Before you merge an AGENTS.md change, check it like production code:

  • Does every command still run?
  • Is every linked file present?
  • Are forbidden actions phrased as hard boundaries, not preferences?
  • Could a nested file own this rule more precisely?
  • Is any line duplicating formatter, linter, CI, or policy-engine behavior?
  • Is any rule stale, team-specific, or historical?
  • Can an agent decide when to stop and ask?
  • Would a new engineer understand the repo better after reading it?

If the answer to any of these is no, keep editing.

The thing this changes

When AGENTS.md is a navigation file, the agent treats the repo as a real environment instead of a story.

It reads SECURITY.md before touching auth because the file told it to.
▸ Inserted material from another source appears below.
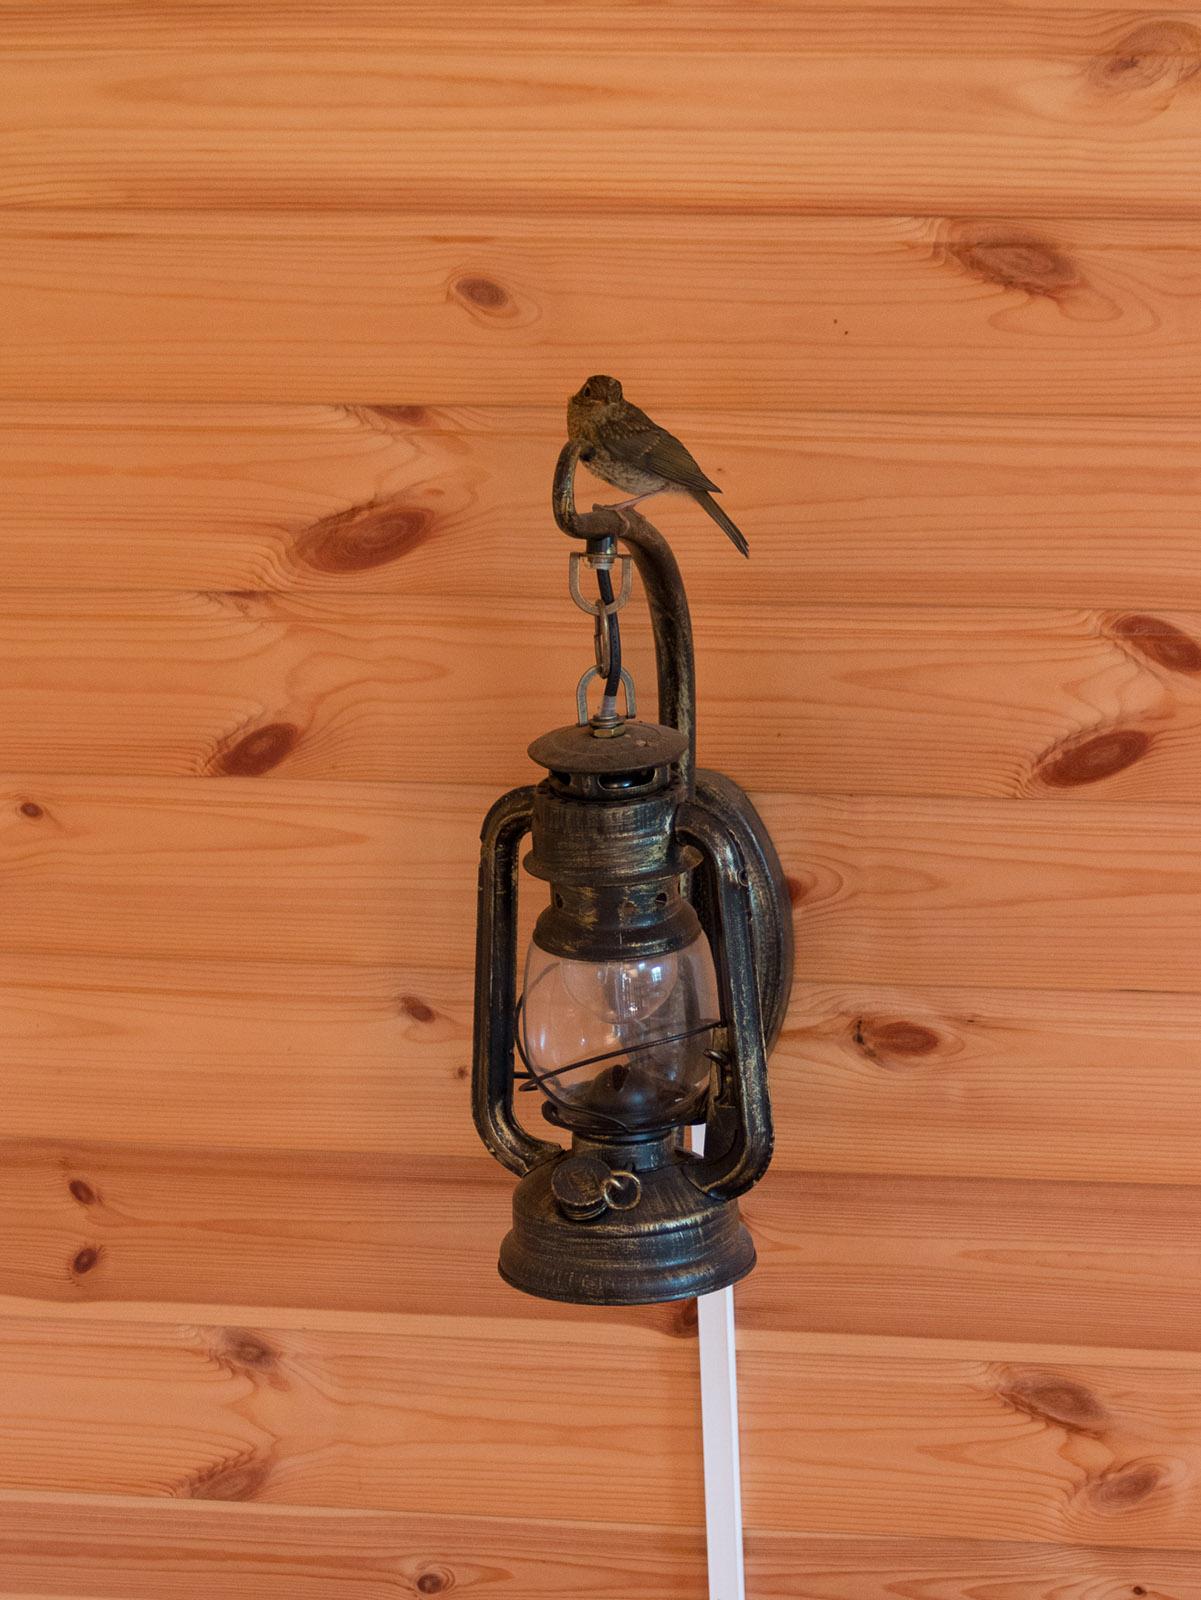 Зарянка (Erithacus rubecula)Выводок зарянок несколько недель жил у нас на подмосковной даче в июле 2015 года. Некоторое время птицы даже ночевали в доме на потолочных балках. Автор фото: Сутормина Марина

It opens harness/policies/ instead of guessing policy from a prompt. It runs make verify because completion is tied to a command. It stops on destructive or regulated changes because the boundary is named plainly.

That is the small but durable shift. The model does not get smarter. The environment gets easier to operate.

Forty lines that route to truth will beat 600 lines of advice almost every time.